Mapa de la región explorada.
Snethlage, E. – 1912 - A travessia entre o Xingú e o Tapajoz. Boletim do Museu Goeldi 7:49-92.


Con el apoyo de la firma comercial Souza e Braga y del coronel Raymundo Brazil y otros propietarios de los seringales (explotaciones de caucho) del Tapajoz medio y del bajo Jamauchim, Emilia intentó primeramente el acceso por estos ríos, partiendo el 11 de octubre de 1908 y llegando hasta Tucunaré, ultima región habitada del Jamauchim. Más allá se le hizo imposible avanzar debido a una serie de cascadas y saltos muy importantes, apenas pasando la boca del Arury.


MUSEO EMILIO GOELDI

Frente del Museo
  http://brasil.urbansketchers.org/


Desde su fundación en 1866 el Museo Emilio Goeldi es reconocido mundialmente, como un importante centro de estudios amazónicos. Se originó en la Asociación Filomática, fundada bajo el auspicio del zoólogo suizo Louis Agassiz, quien realizó una expedición por  Brasil en los años 1865/1866. Esta Asociación  pasó a ser el Museo Paraense, gracias al trabajo de un equipo de científicos dirigidos por  Domingos Soares Penna.

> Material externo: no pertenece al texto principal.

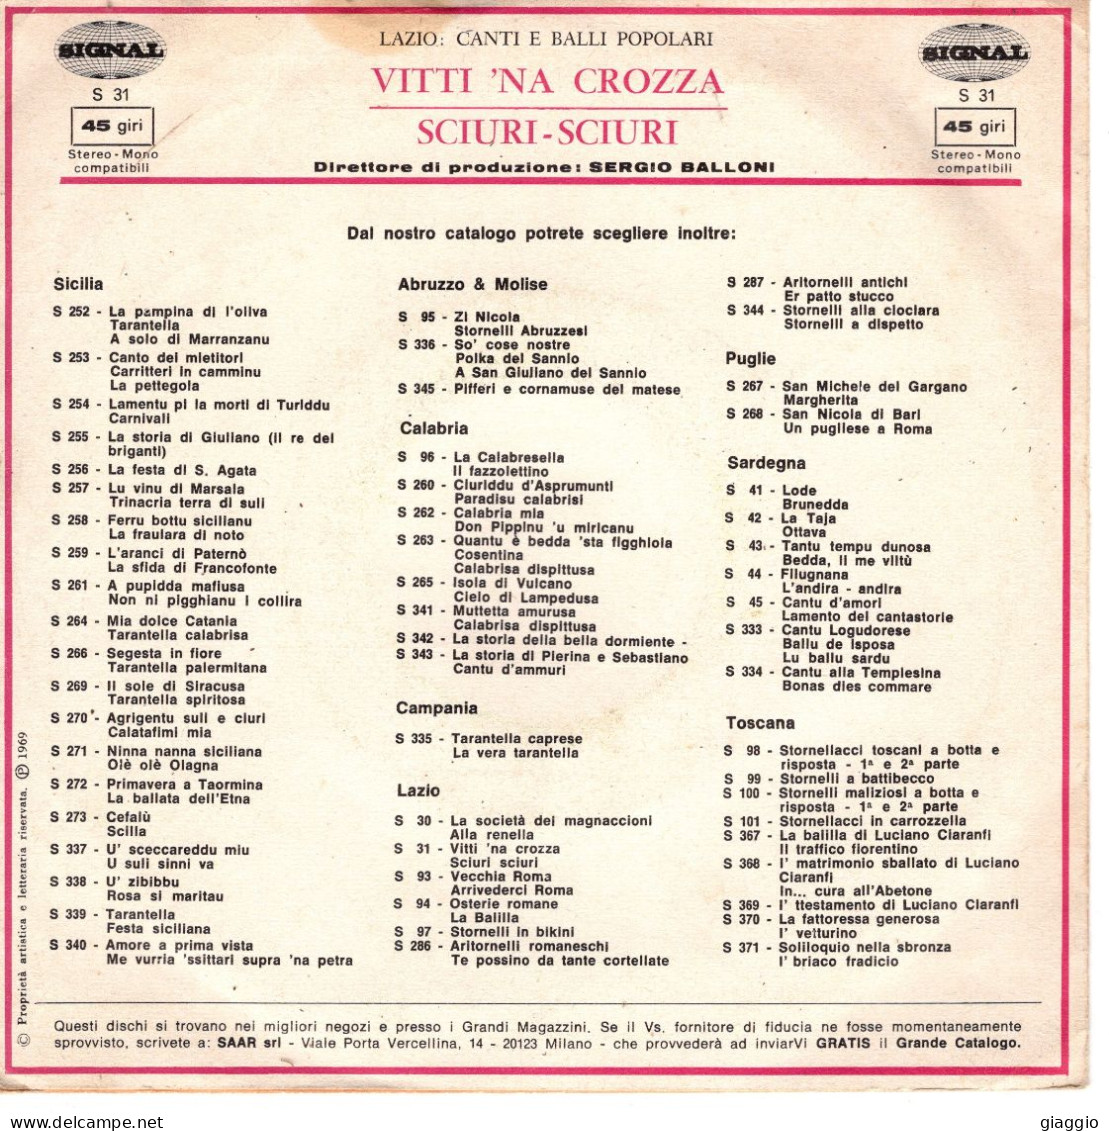 °°° 546) 45 GIRI - LUISA & GABRIELLA - VITTI NA CROZZA / SCIURI SCIURI °°° - Autres - Musique Italienne
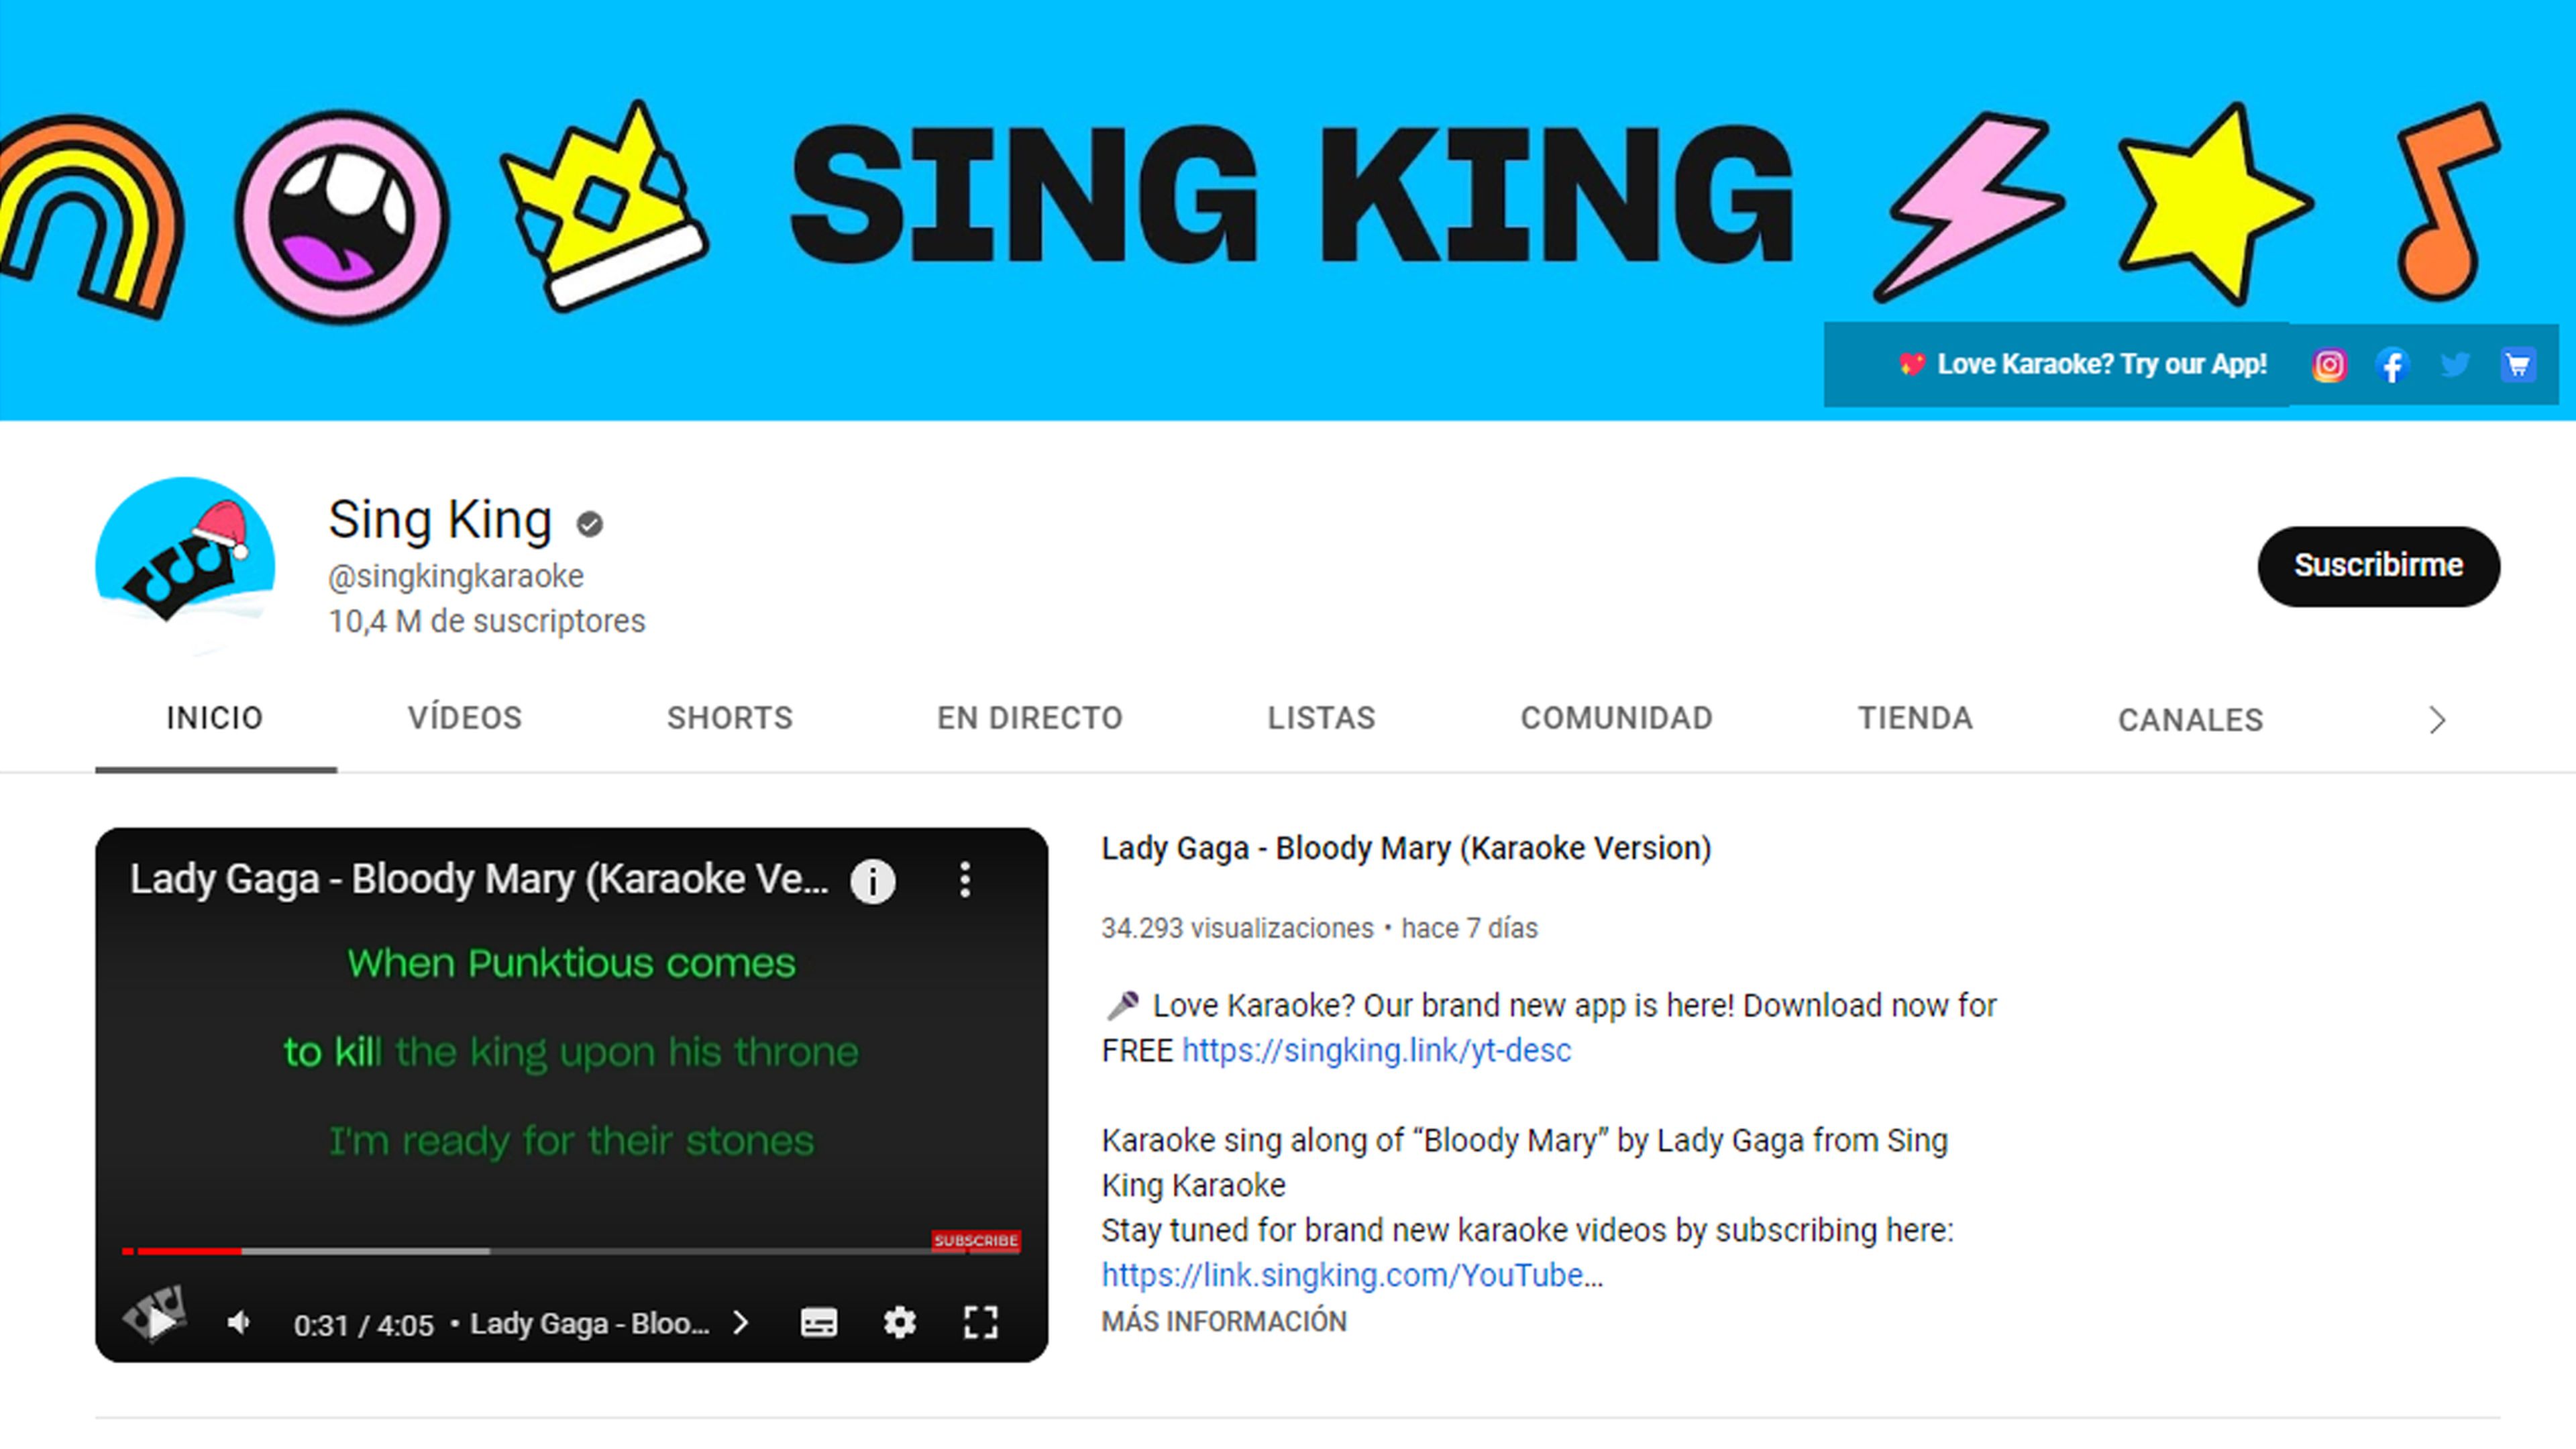 Canal de YouTube: Sing King

El 31 de diciembre de 1900, por decreto del gobernador del estado de Pará, recibió el nombre de Museo Paraense Emílio Goeldi, “en atención a los relevantes servicios prestados por el Dr. Emilio Augusto Goeldi, Director del Museo Paraense, en la organización de este importante establecimiento”.

Plano del Museo hacia fines del siglo XIX.
     Boletim do Museu Paraense de Historia Natural e Ethnographia. II – 1897-1898.Pará.


Además de los especímenes conservados de fauna y flora, el ámbito del museo es un jardín zoo-botánico con especies nativas del Amazonas  y un lago con victoria-regias. Tiene una biblioteca especializada y una gran cantidad de material arqueológico y etnológico de las etnias amazónicas.






Emilia no se dejó vencer por este inconveniente y muy pronto estaba intentado acceder a esa región desde el río Xingú. A principios de junio de 1909 llegó en el vapor Brito a Victoria, puerta de entrada a los territorios del Xingú. Un mes más tarde partió de Forte Ambé en un igarité o canoa grande que tras cinco días de navegación la llevó hasta la primer cascada del río Iriri. Quedó sorprendida por el  espectáculo de la vegetación que rodeaba los saltos. Todas las rocas estaban cubiertas de verdaderos colchones de podostemáceas. También eran notables los palmares de babassú (Attalea speciosa) una palmera de gran importancia económica.


Attalea speciosa Mart.[Orbignya phalerata Mart.]   
Orbigny, A.D. d’, Voyage dans l’Amérique Méridionale, vol. 7(3): t. 13 (1847)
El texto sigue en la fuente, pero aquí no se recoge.